=== Work request ===
Give again, unaltered, the line with "How old are European tech companies?" and all lines that follow it in the listing below, minus any pictures.

=== Raw data ===
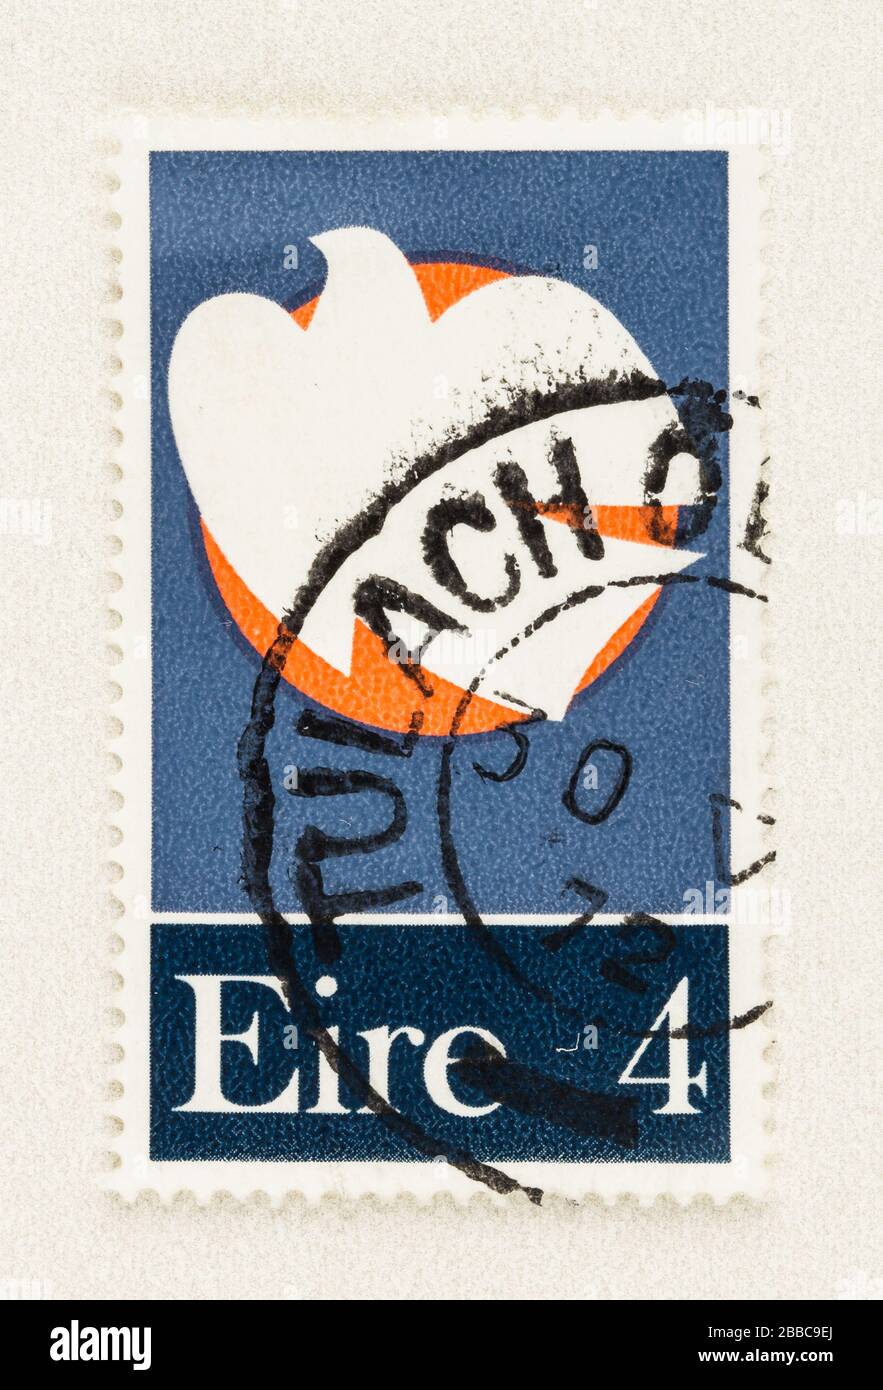 SEATTLE WASHINGTON - March 29, 2020: Close up of Ireland postage stamp featuring dove soaring past the rising moon, issued in 1972. Stock Photo
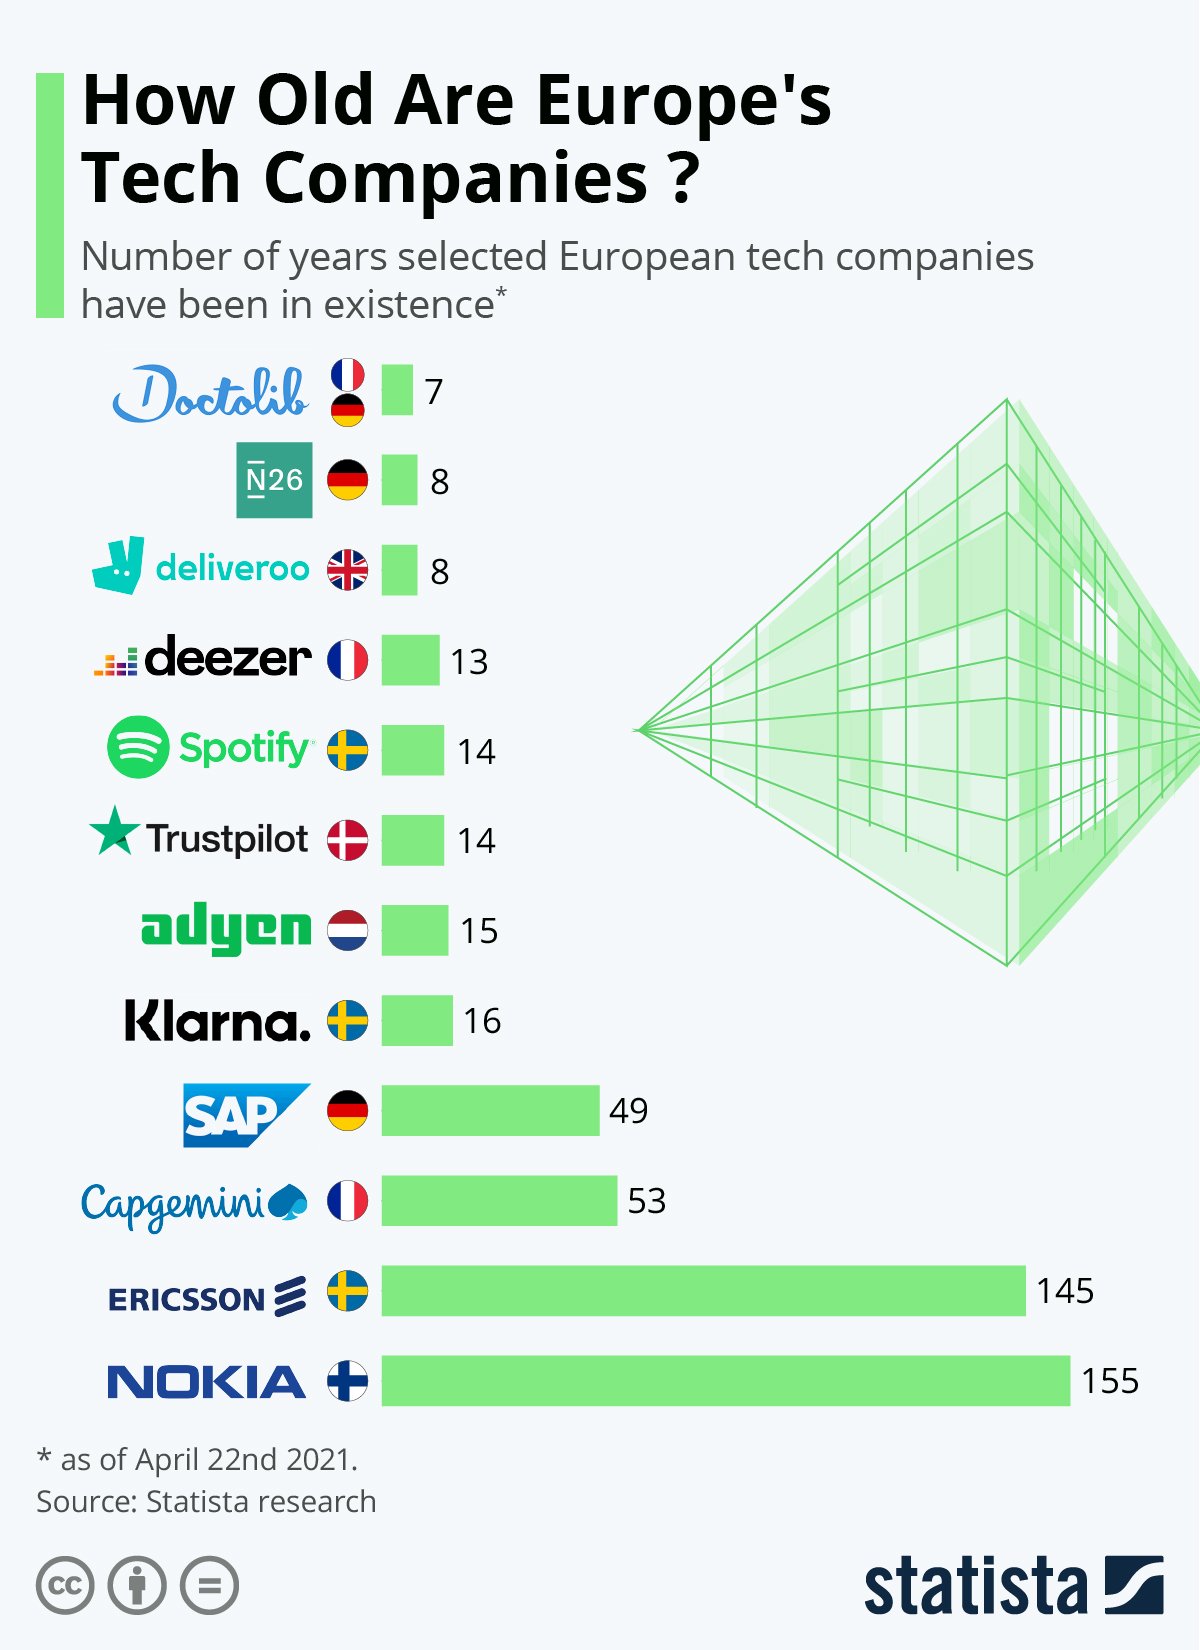 How old are European tech companies?
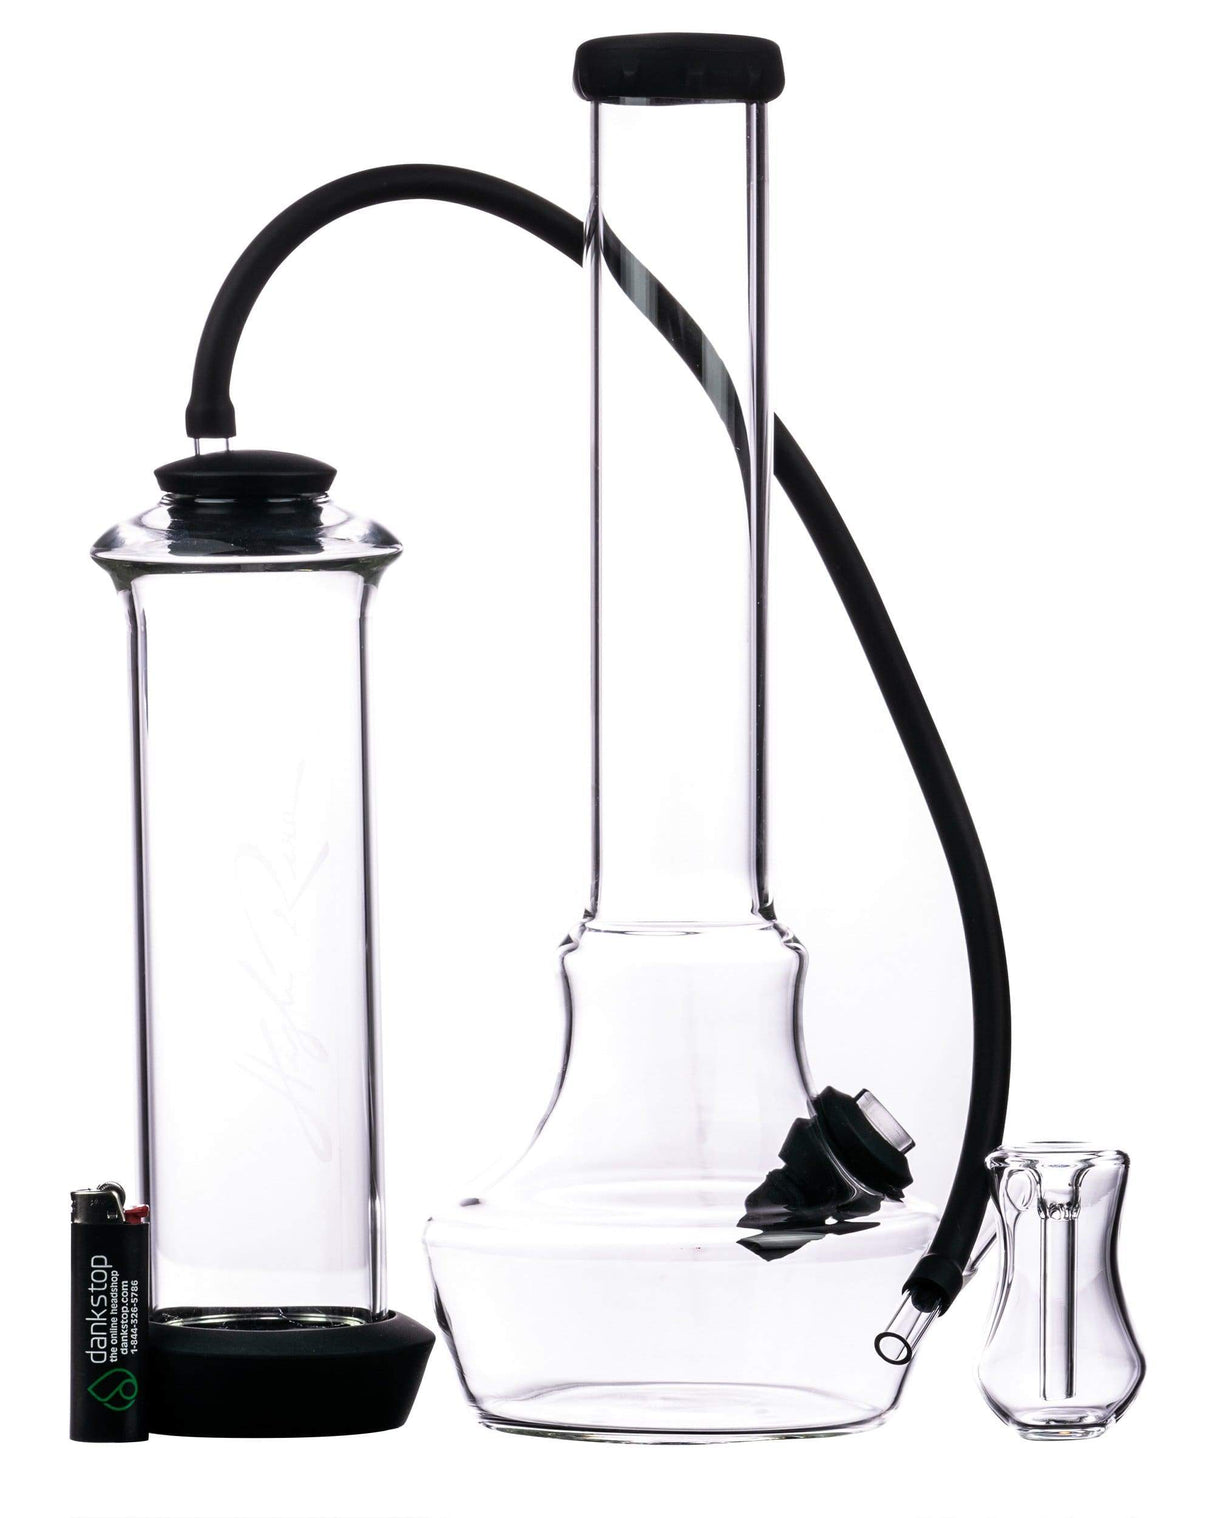 The High Rise Gravity Bong by HighRise, clear borosilicate glass with silicone accents, side view
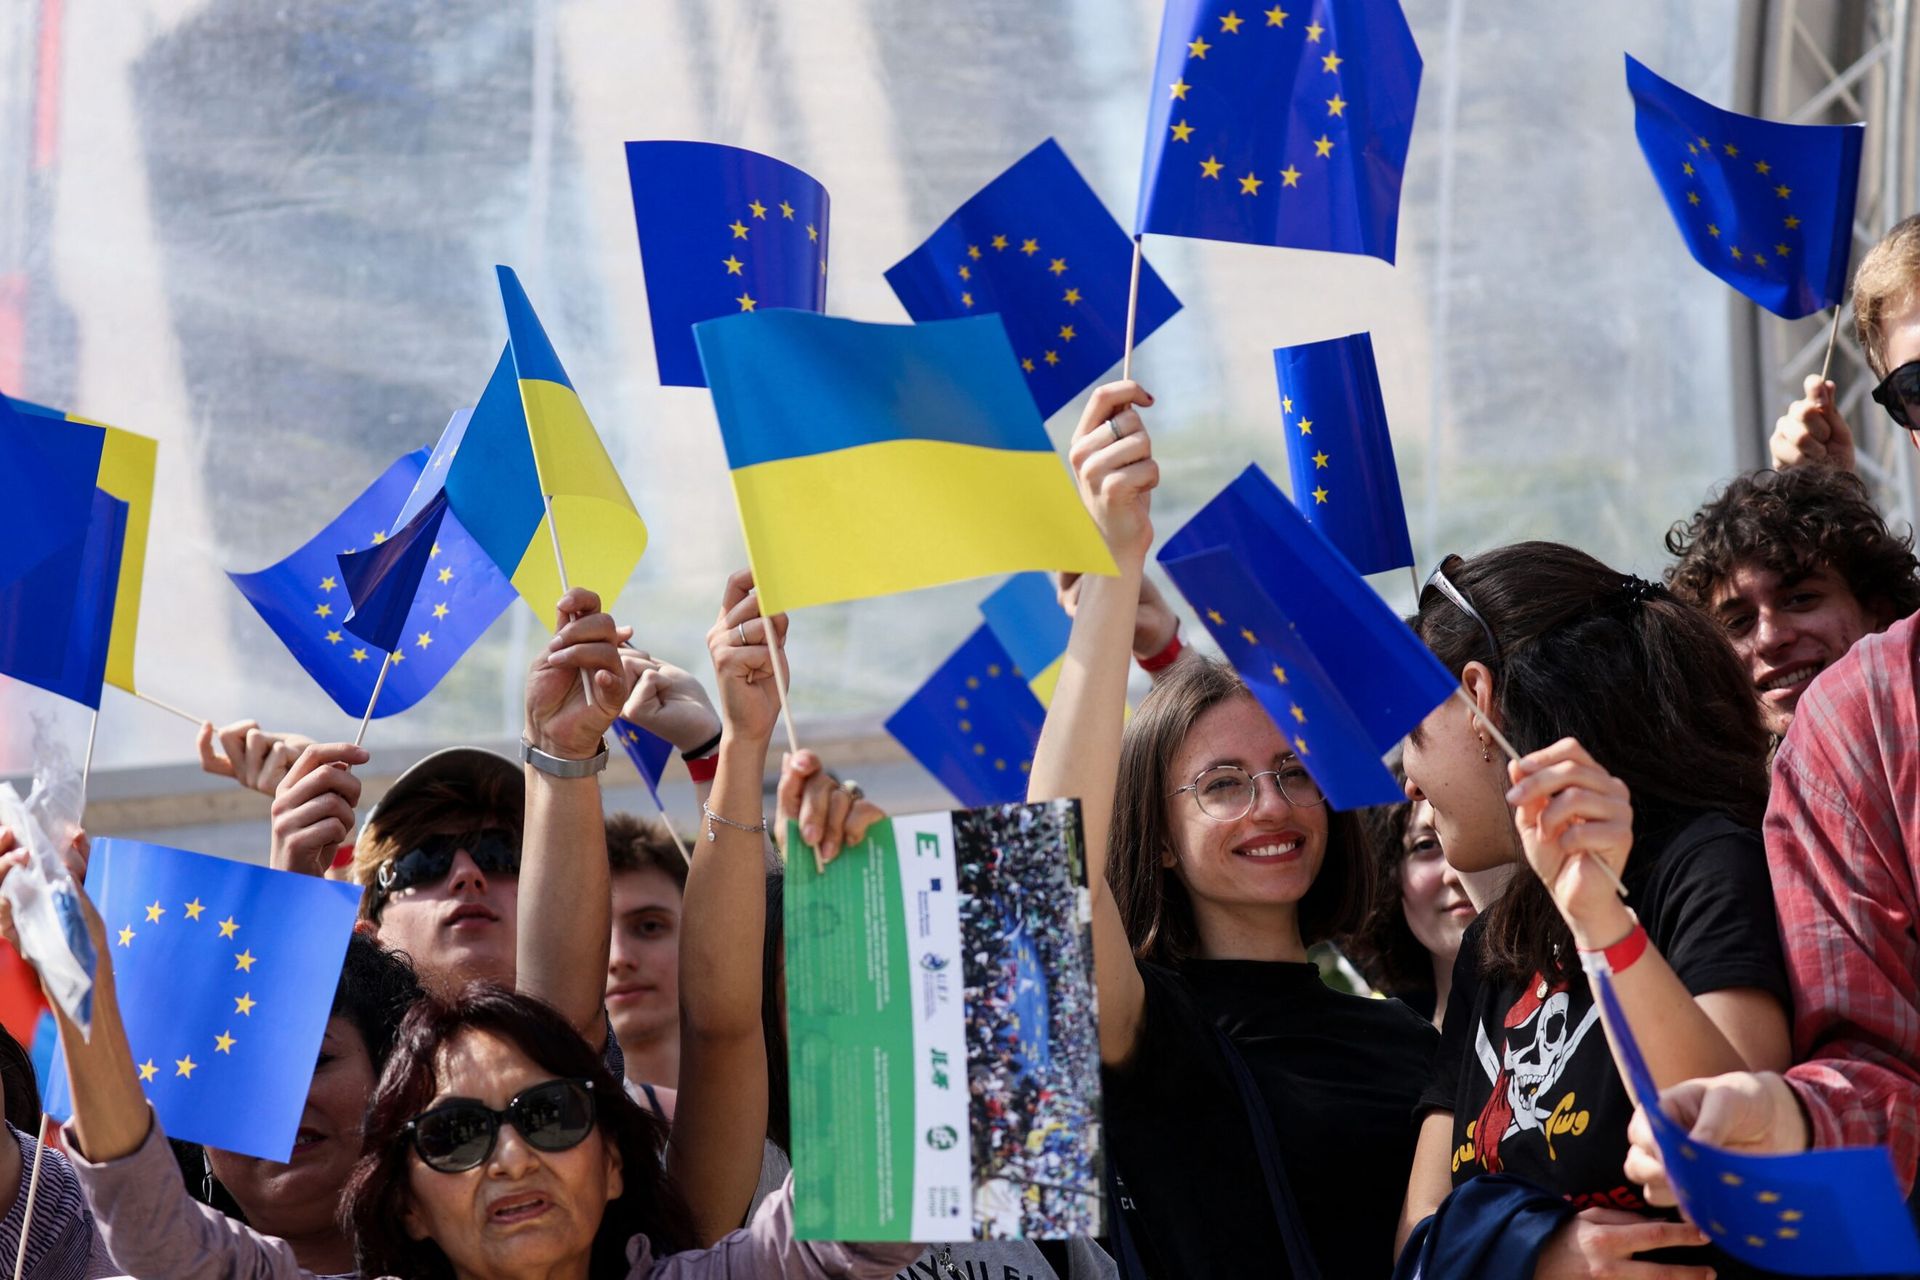 Most Europeans support aid to Ukraine, poll finds

=== Answer space ===
 How old are European tech companies?
 The High Rise Gravity Bong by HighRise, clear borosilicate glass with silicone accents, side view
 Most Europeans support aid to Ukraine, poll finds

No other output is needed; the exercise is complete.